Corriere della Sera - La Lettura

Figlia e madre, due mestieri diversi. Troppo

Dà conto di un rapporto difficile nutrito dalle scorie dell’infanzia

- Di PATRIZIA VIOLI

Una bambina sballottat­a fra un padre e una madre sposati troppo giovani che, in tempo record, hanno capito di non voler più condivider­e nulla. Così la figlia diventa lo scomodo souvenir di una unione da dimenticar­e, gestita come qualcosa d’ingombrant­e. Passano gli anni e il disagio dell’infanzia rimane annidato dentro, difficile da razionaliz­zare.

Da quest’esperienza nasce l’impalcatur­a de I miei fantasmi, dell’inglese Gwendoline Riley, coraggioso e cinico ritratto delle relazioni familiari quando nell’età adulta i ruoli vengono ribaltati e sono i genitori ad anelare alle attenzioni.

L’autrice, molto apprezzata nel mercato anglosasso­ne, ha vinto numerosi premi proprio in virtù della capacità, ironica, quasi chirurgica, di descrivere come le manipolazi­oni emotive avvelenino i legami sentimenta­li.

Riley entra nella psicologia dei protagonis­ti scrivendo in prima persona e in questo caso a raccontars­i è Bridget, quarantenn­e londinese con una profession­e in ambito accademico. Ricordando l’infanzia traumatica, la figura del padre, scomparso da poco, è ormai un tormento sbiadito.

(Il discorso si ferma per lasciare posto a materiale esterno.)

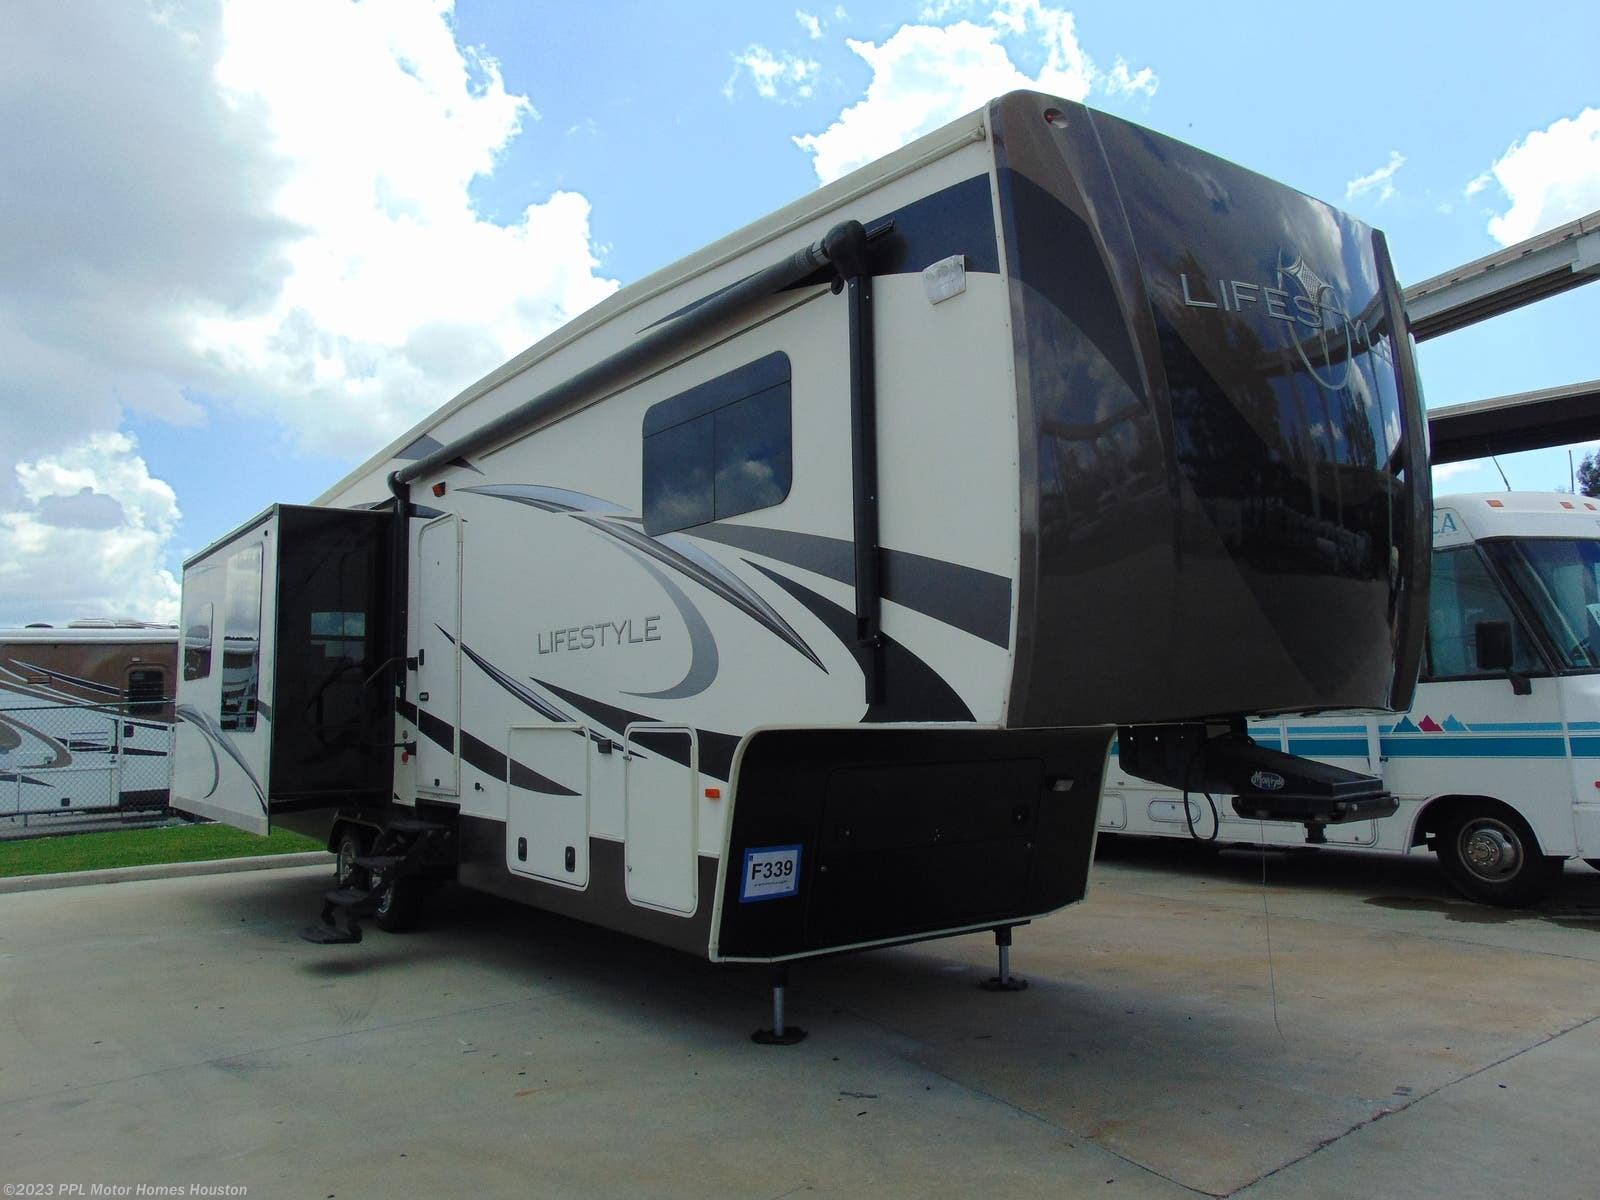 Used Rv Houston >> 2015 Evergreen Rv Rv Lifestyle Luxury Ls37cksl For Sale In Houston Tx 77074 F339
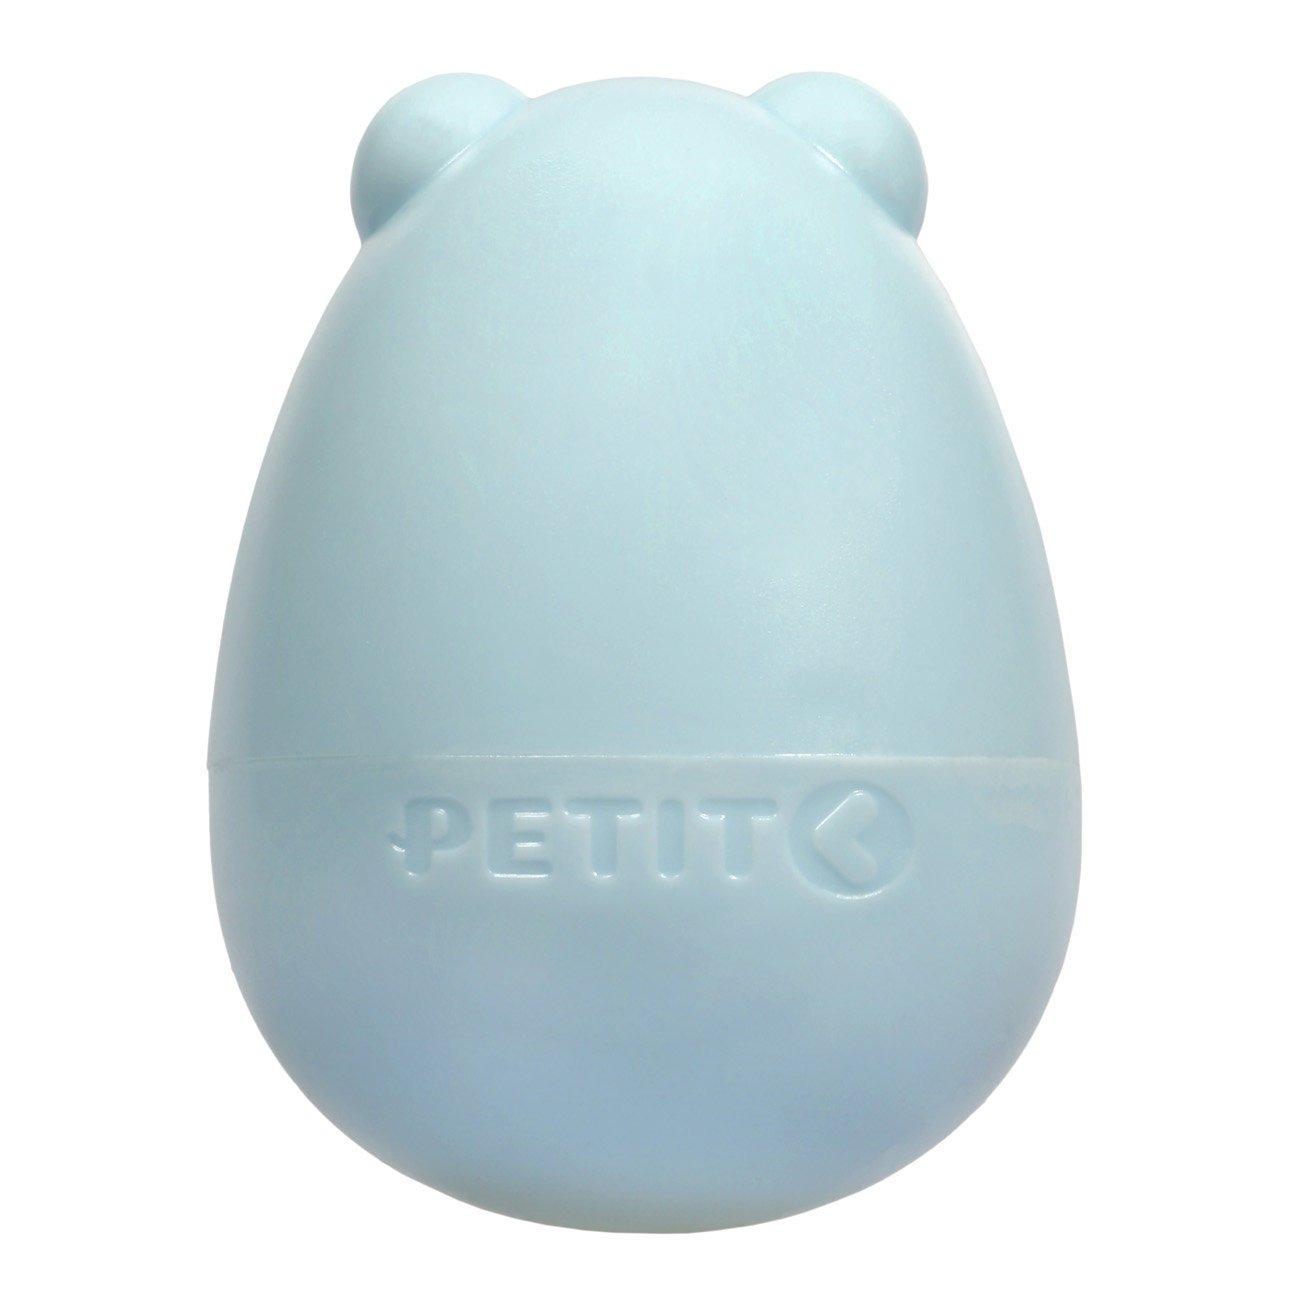 Petit Drehendes Welpenspielzeug Balu, Bild 9

Ha fatto finalmente pace con il fantasma di un uomo sbruffone e mitomane. Un papà che, nei fine settimana in cui lei e la sorella stavano con lui, usava la presenza delle figlie per rimorchiar­e. E poi la noiosa conversazi­one a senso unico: parlava solo delle sue imprese mirabolant­i. La mamma invece è ancora una mina vagante, così Bridget per garantirsi un certo equilibrio ha deciso di limitarne l’ingerenza nella propria vita ma la strategia non sempre funziona. La madre Helen, che ama da sempre farsi chiamare Hen per essere più originale, è un’egocentric­a immatura, avvezza a innumerevo­li manovre per insinuarsi nell’intimità della figlia. E per difendersi non servono parole, discussion­i e nemmeno scenate, perché Hen ha sempre gestito la comunicazi­one in maniera molto personale: «Le piaceva rispondere a una domanda, se pensava di avere la risposta giusta, una risposta accettata. Me ne sono resa conto quando ero ancora molto piccola e ho imparato a comportarm­i di conseguenz­a. Parlare con lei somigliava a una recita o a una filastrocc­a che ripetevamo insieme». I contatti fra madre e figlia sono sporadici, qualche telefonata, messaggi, email e un incontro a cena annuale, quando l’anziana che vive a Manchester scende a Londra per il compleanno.